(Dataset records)
########
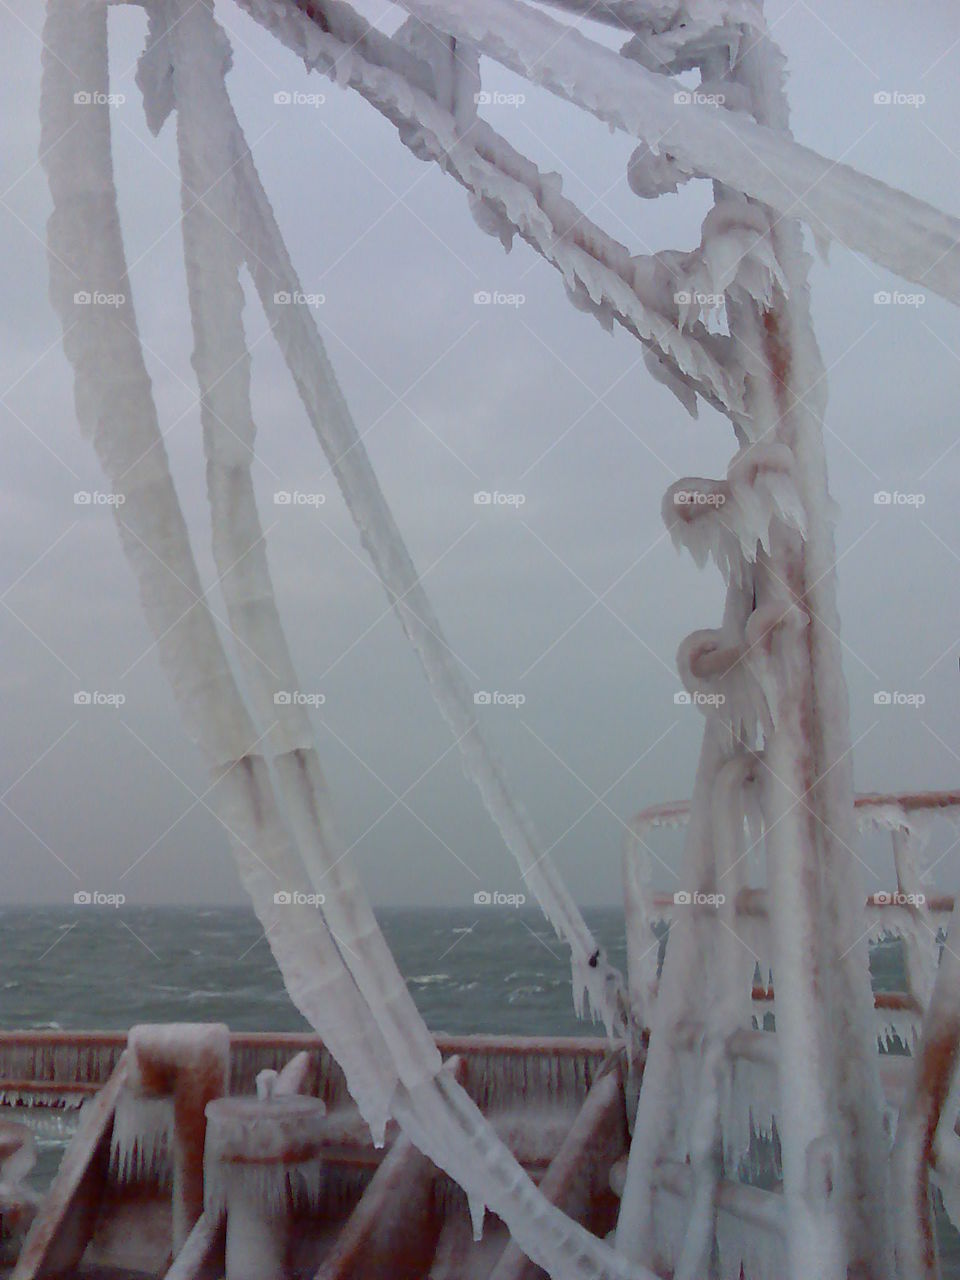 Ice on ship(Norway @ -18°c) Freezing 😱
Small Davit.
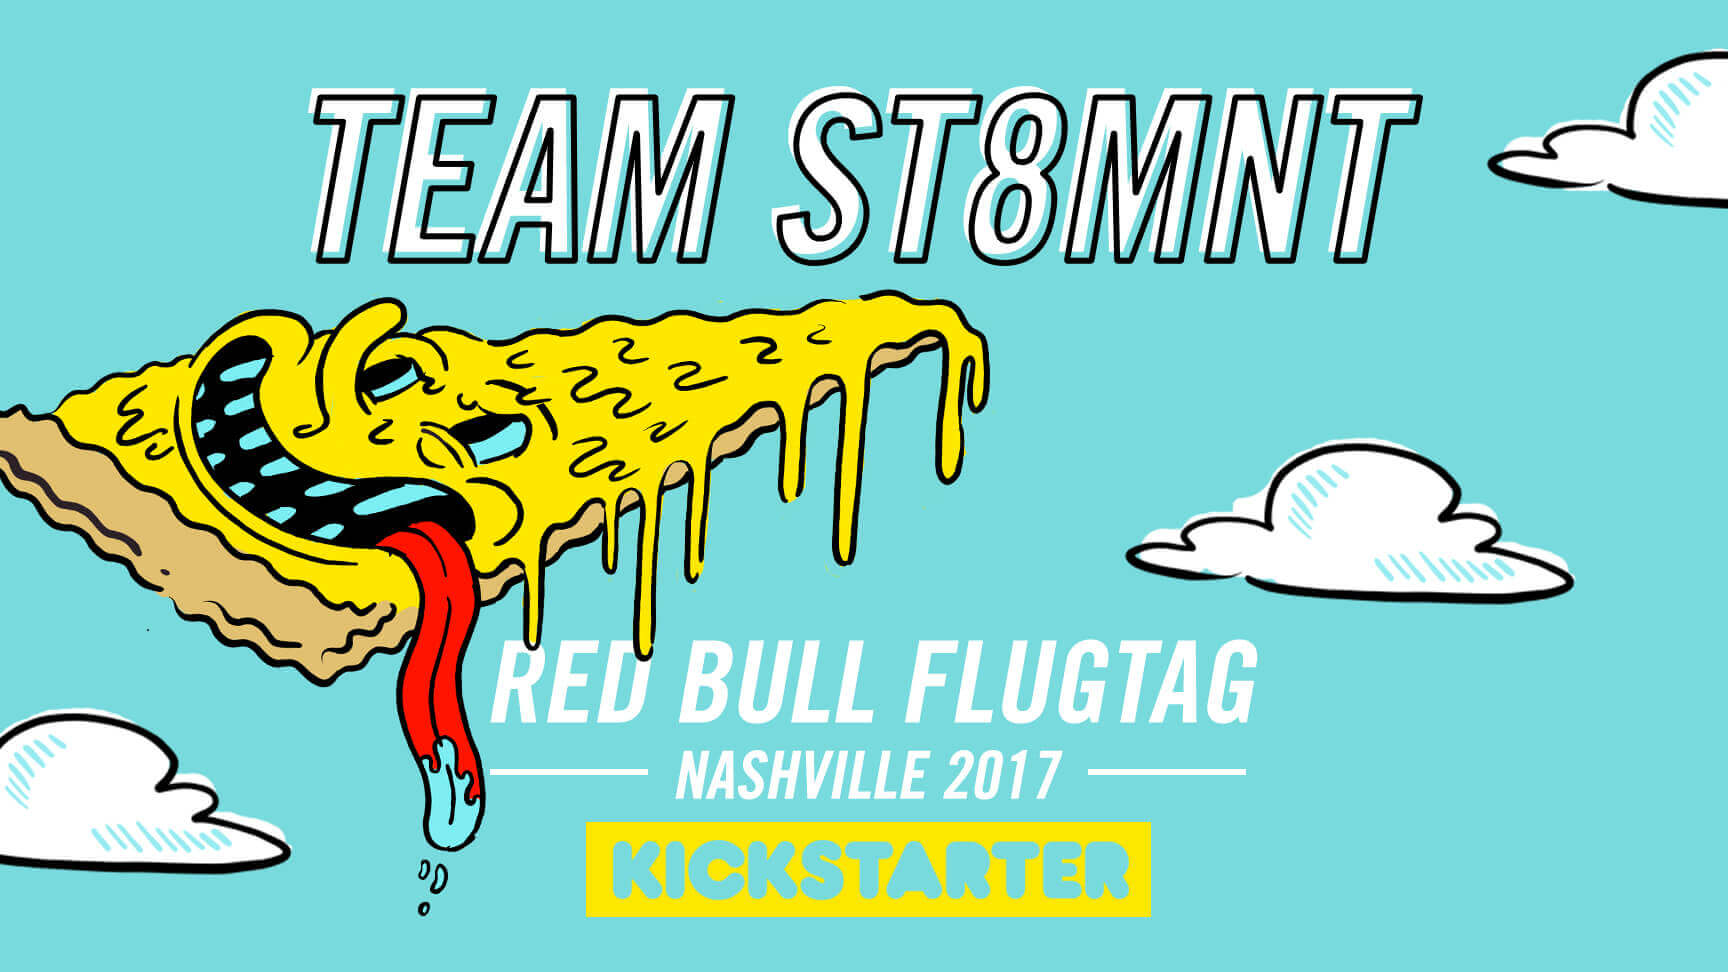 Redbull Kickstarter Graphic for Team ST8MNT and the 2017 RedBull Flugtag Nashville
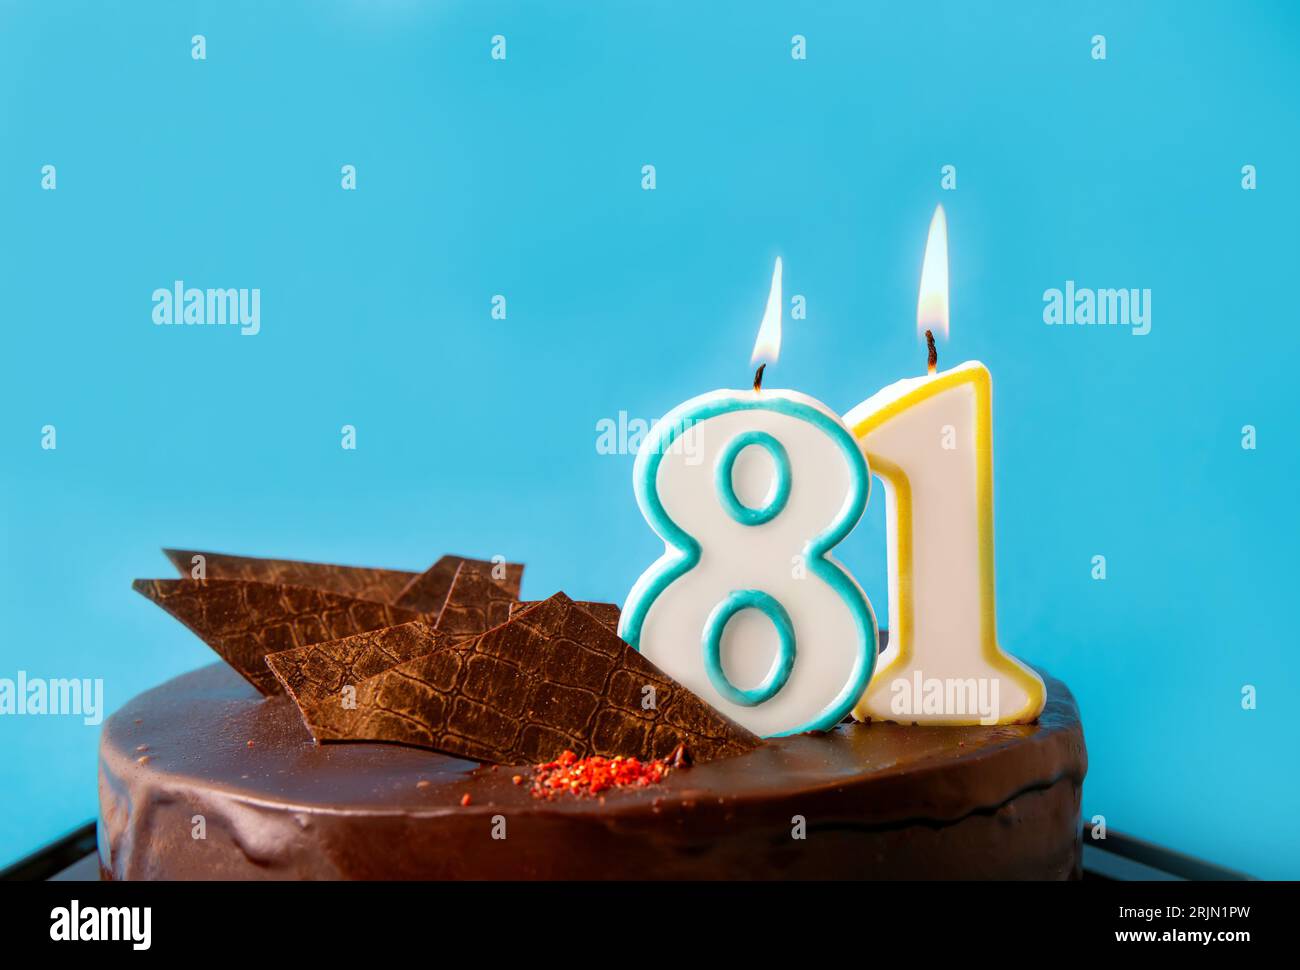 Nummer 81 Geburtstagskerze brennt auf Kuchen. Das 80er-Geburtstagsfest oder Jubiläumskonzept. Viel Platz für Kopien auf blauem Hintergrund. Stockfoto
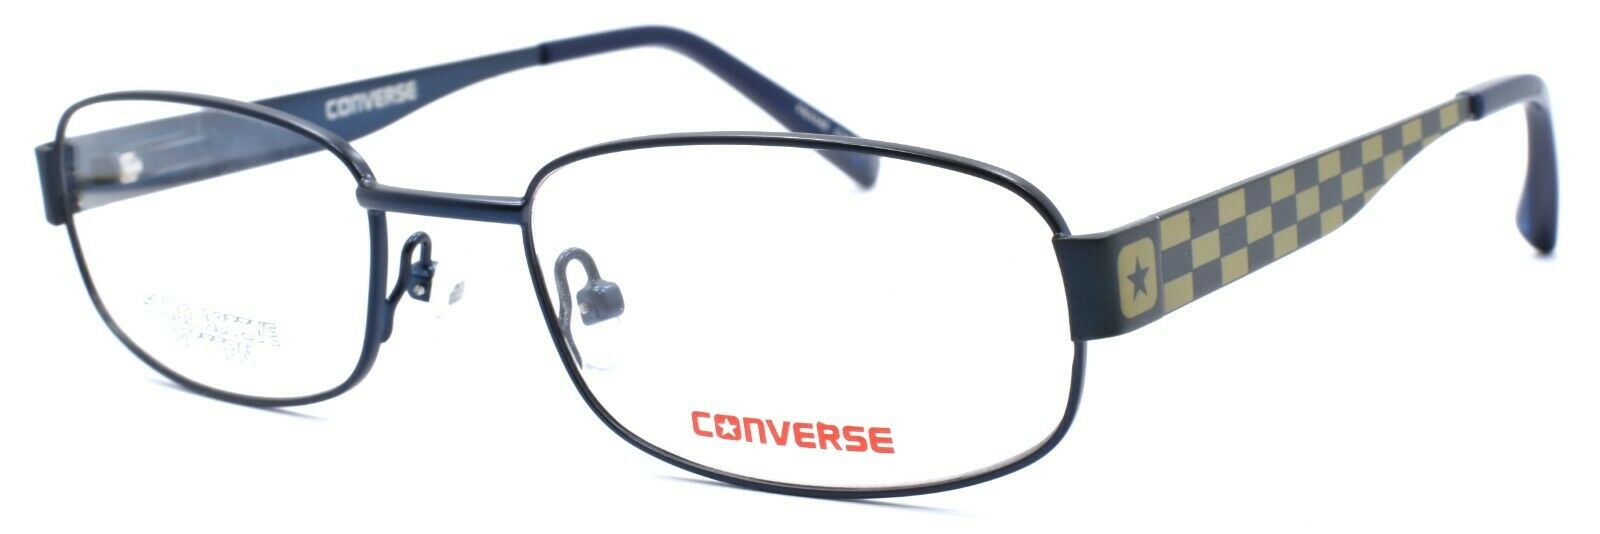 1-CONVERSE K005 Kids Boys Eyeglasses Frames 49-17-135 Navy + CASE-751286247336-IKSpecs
########
Print exactly the lines between the line containing "Small Davit." and the last line of the entries above, including both, and nothing besides; skip the pictures.

Answer space:
Small Davit.
 Redbull Kickstarter Graphic for Team ST8MNT and the 2017 RedBull Flugtag Nashville
 Nummer 81 Geburtstagskerze brennt auf Kuchen. Das 80er-Geburtstagsfest oder Jubiläumskonzept. Viel Platz für Kopien auf blauem Hintergrund. Stockfoto
 1-CONVERSE K005 Kids Boys Eyeglasses Frames 49-17-135 Navy + CASE-751286247336-IKSpecs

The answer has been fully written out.